Step 1: Create a Free Azure Account

  1. Visit https://azure.microsoft.com/en-us/free and go through the process of setting up a new account.

Step 2: Create the Honeypot Virtual Machine

Here we will create the virtual machine running Windows 10 which will serve as our honeypot. Our goal is for this virtual machine to simulate a poorly secured workstation to entice attackers to take notice of it.

  1. From portal.azure.com search for "Virtual Machines" in the top search bar.

  2. Click Create > Azure Virtual Machine

  3. Create new resource group and name it (sentinel-lab)

  4. Adjust your settings to match the following:

    • Name your VM (honeypot-vm01)

    • Select a region (West US 3)

    • Image: Windows 10 Pro

    • Create a username and password for virtual machine

    • Public inbound ports: Allow RDP (3389)

  5. Click on the networking tab, under NIC Network Security Group click Advanced, then Create New

  6. Delete the default inbound rule then click Add an Inbound Rule. Mirror the following settings:

Step 3: Create a Log Analytics Workspace (LAW)

The LAW will provide a location for us to send our logs from various sources, but in this case just our virtual machine.
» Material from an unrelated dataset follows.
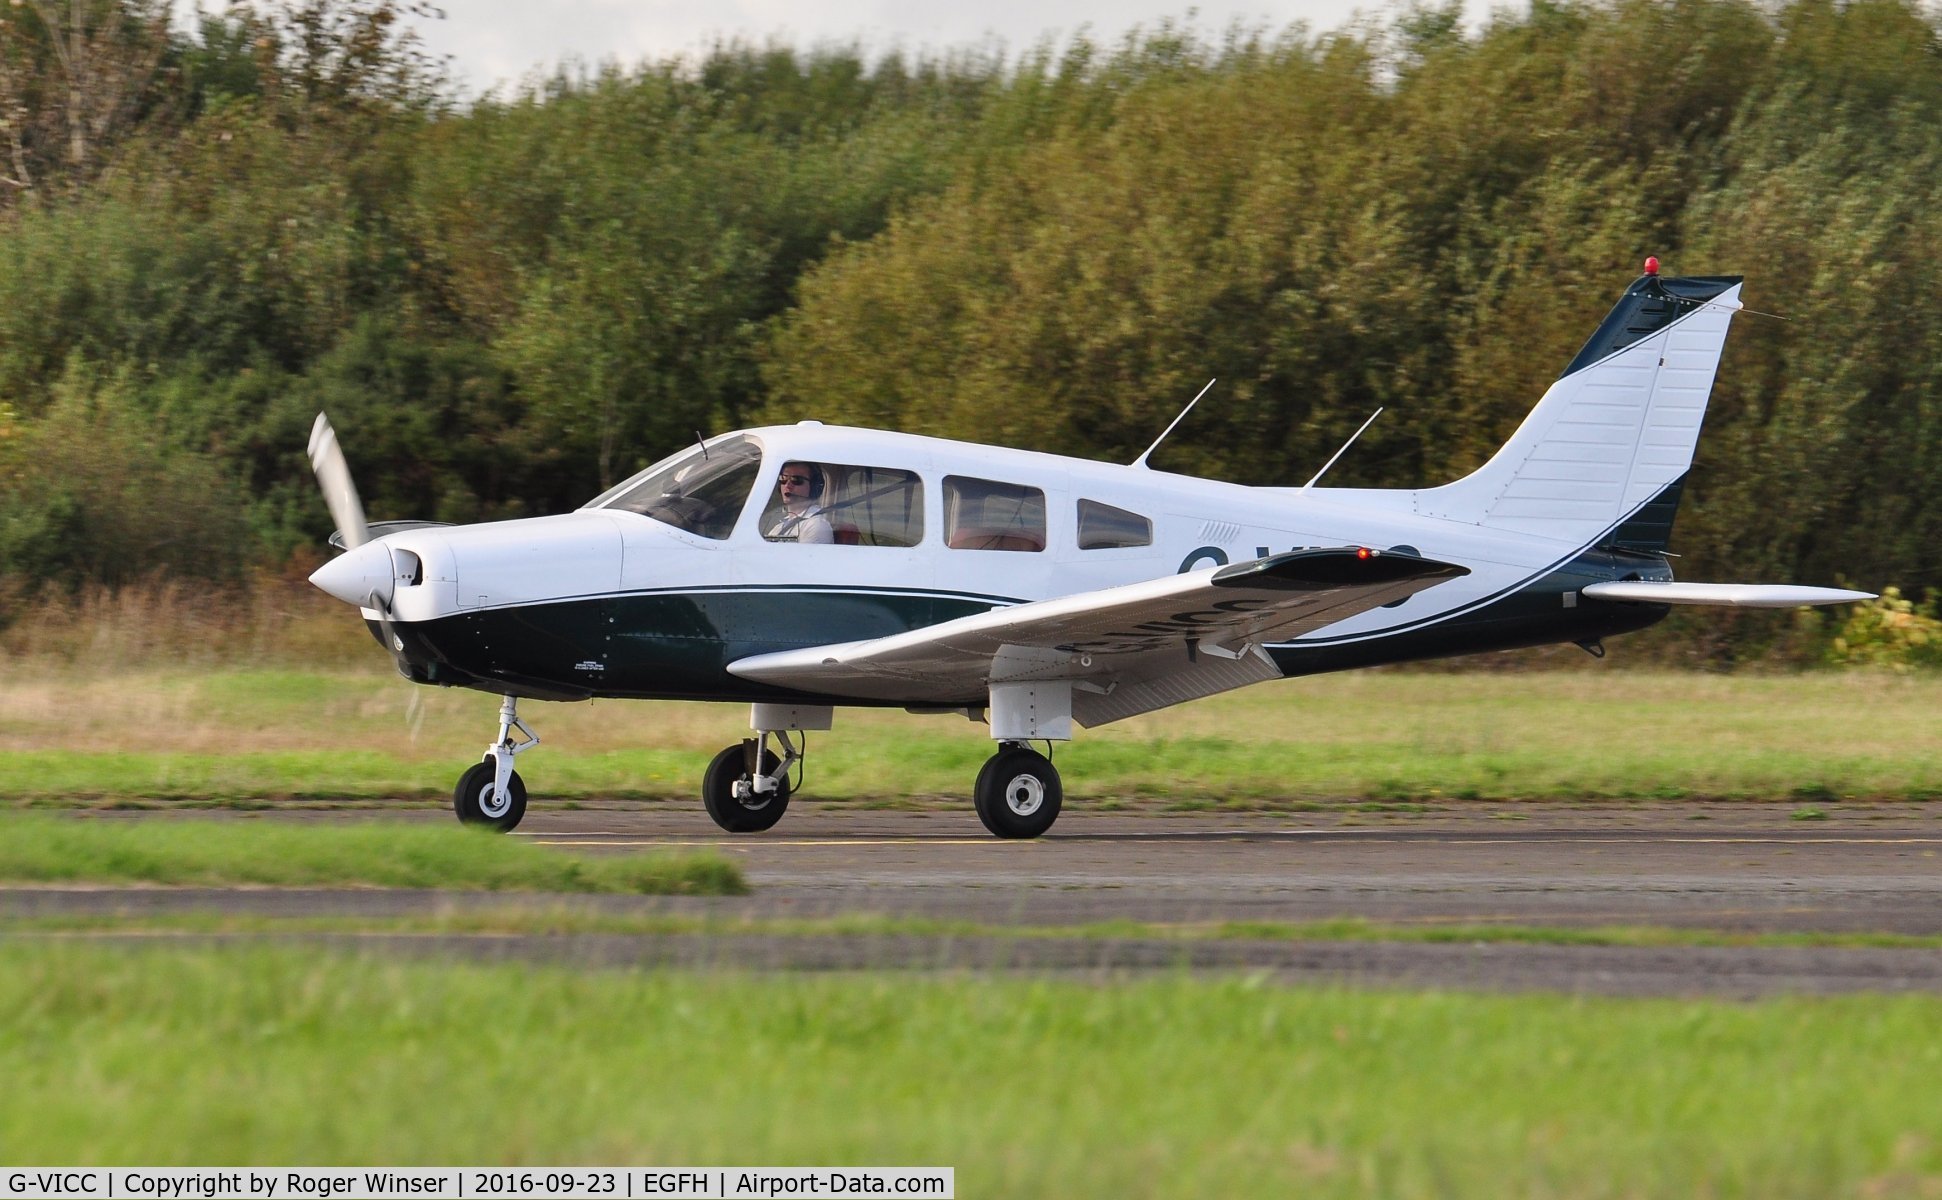 G-VICC, 1979 Piper PA-28-161 Cherokee Warrior II C/N 28-7916317, Warrior II in a new colour scheme for 2016.

Once within the LAW, we can perform many actions on the data including storage, analyzation, and transformation.

  1. Search for and click on "Log Analytics Workspaces", then click Create

  2. Put it in the same resource group as VM (sentinel-lab)

  3. Give it a desired name (honeypot-law)

  4. Add to same region (West US 3)

  5. Click Review + create

Step 4: Configure Microsoft Defender for Cloud

  1. Search for "Microsoft Defender for Cloud"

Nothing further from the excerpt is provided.